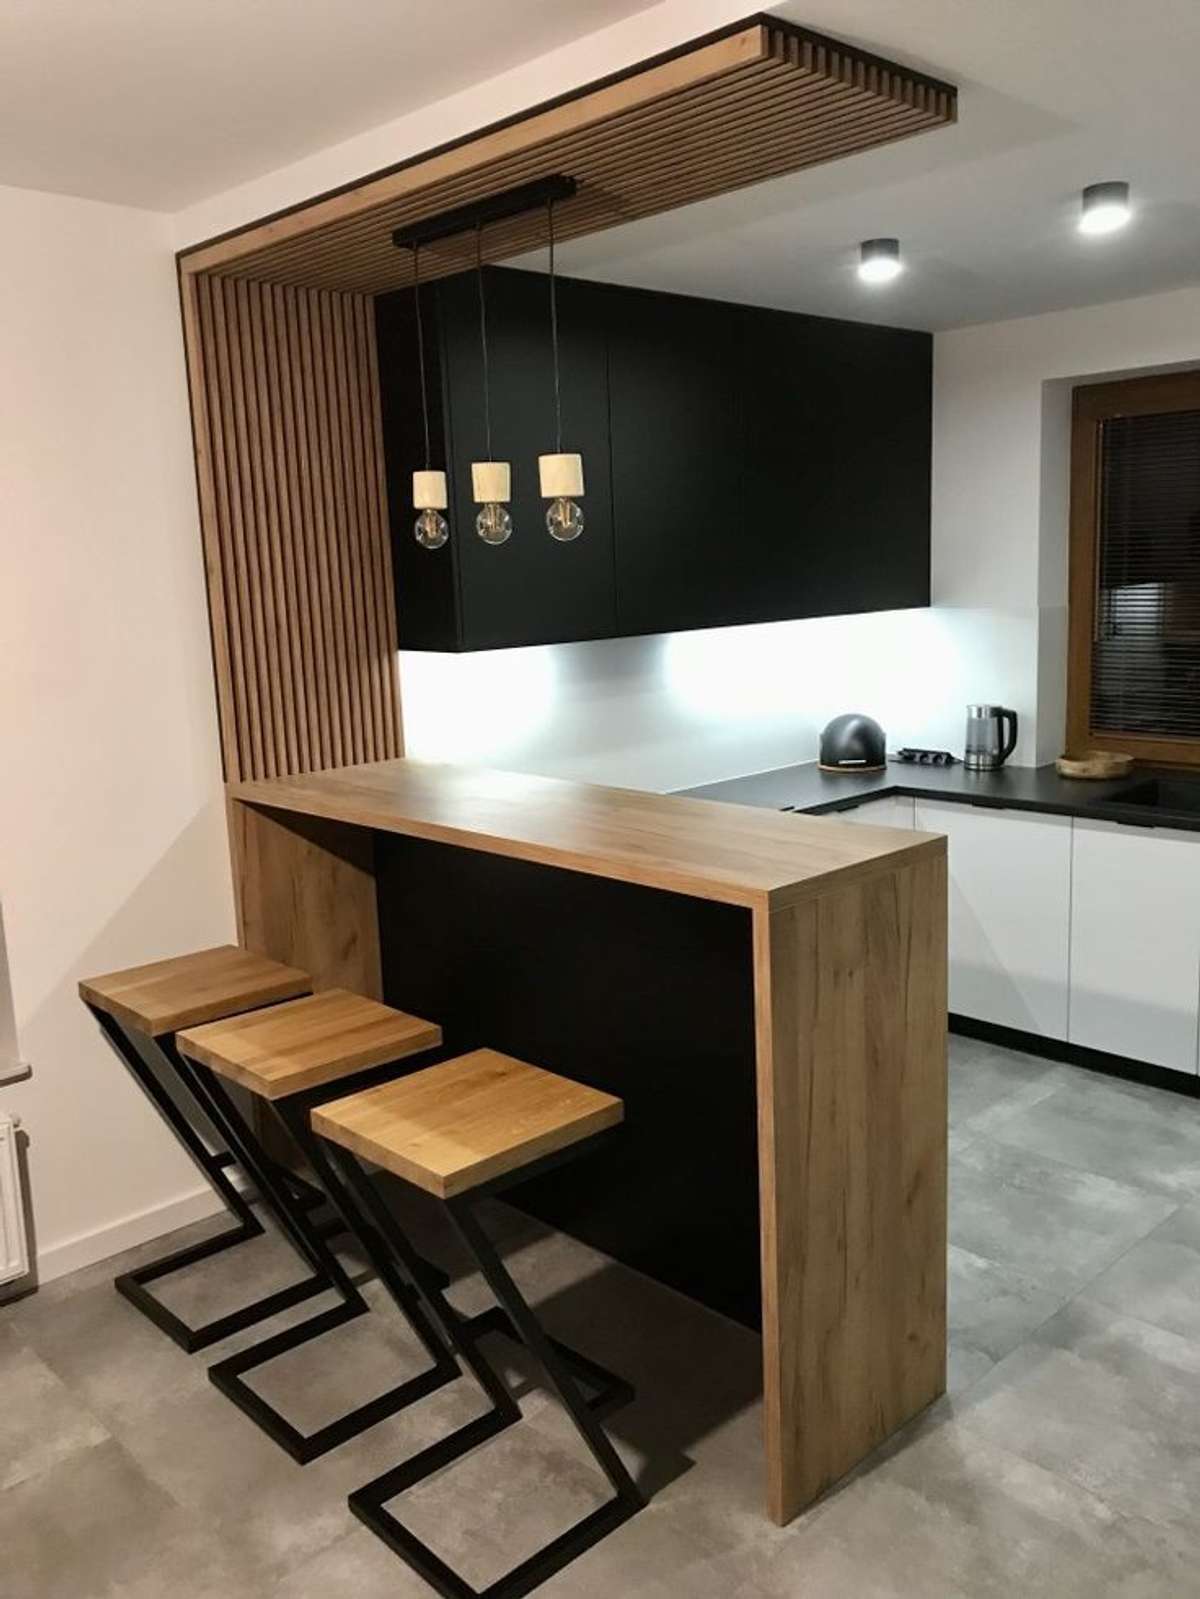 Modular kitchen starting square feet price Rs : 1500
 #ModularKitchen  #KitchenIdeas #OpenKitchnen #nearme #rate #education #bedroom #kitchen  #living   #Filters  #Near  #Me  #Bedroom  #WindowRates  # #Home  #Decor  # #Roof   #Ceiling   #Electricals  #Education  #Flooring  #Prayer  #Room  #Bathroom   #Ki  #Living  #Wall  #Door  #Table  #Staircase  #Plans  #Dining  #Lighting  #Furniture  #apply  #Storage  #Exterior  #Outdoor
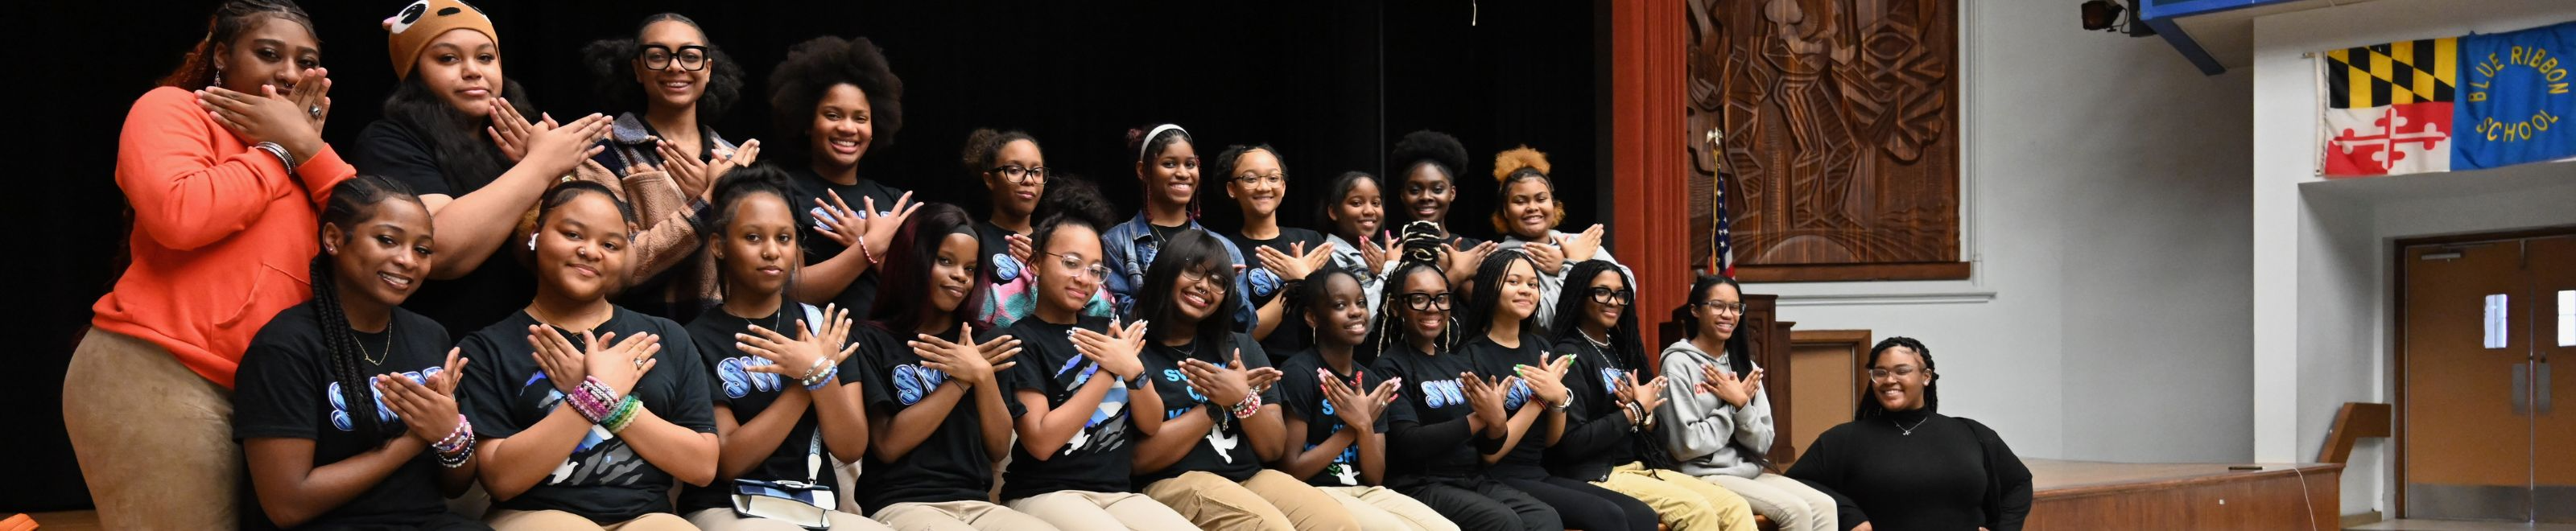 Baltimore City College SWTT Step team poses for a group picture

────────

WHAT TO WORK ON — Please print all the data above word for word. Pictures should not appear in the copy.

TASK ANSWER —
 Modular kitchen starting square feet price Rs : 1500
 #ModularKitchen  #KitchenIdeas #OpenKitchnen #nearme #rate #education #bedroom #kitchen  #living   #Filters  #Near  #Me  #Bedroom  #WindowRates  # #Home  #Decor  # #Roof   #Ceiling   #Electricals  #Education  #Flooring  #Prayer  #Room  #Bathroom   #Ki  #Living  #Wall  #Door  #Table  #Staircase  #Plans  #Dining  #Lighting  #Furniture  #apply  #Storage  #Exterior  #Outdoor
 Baltimore City College SWTT Step team poses for a group picture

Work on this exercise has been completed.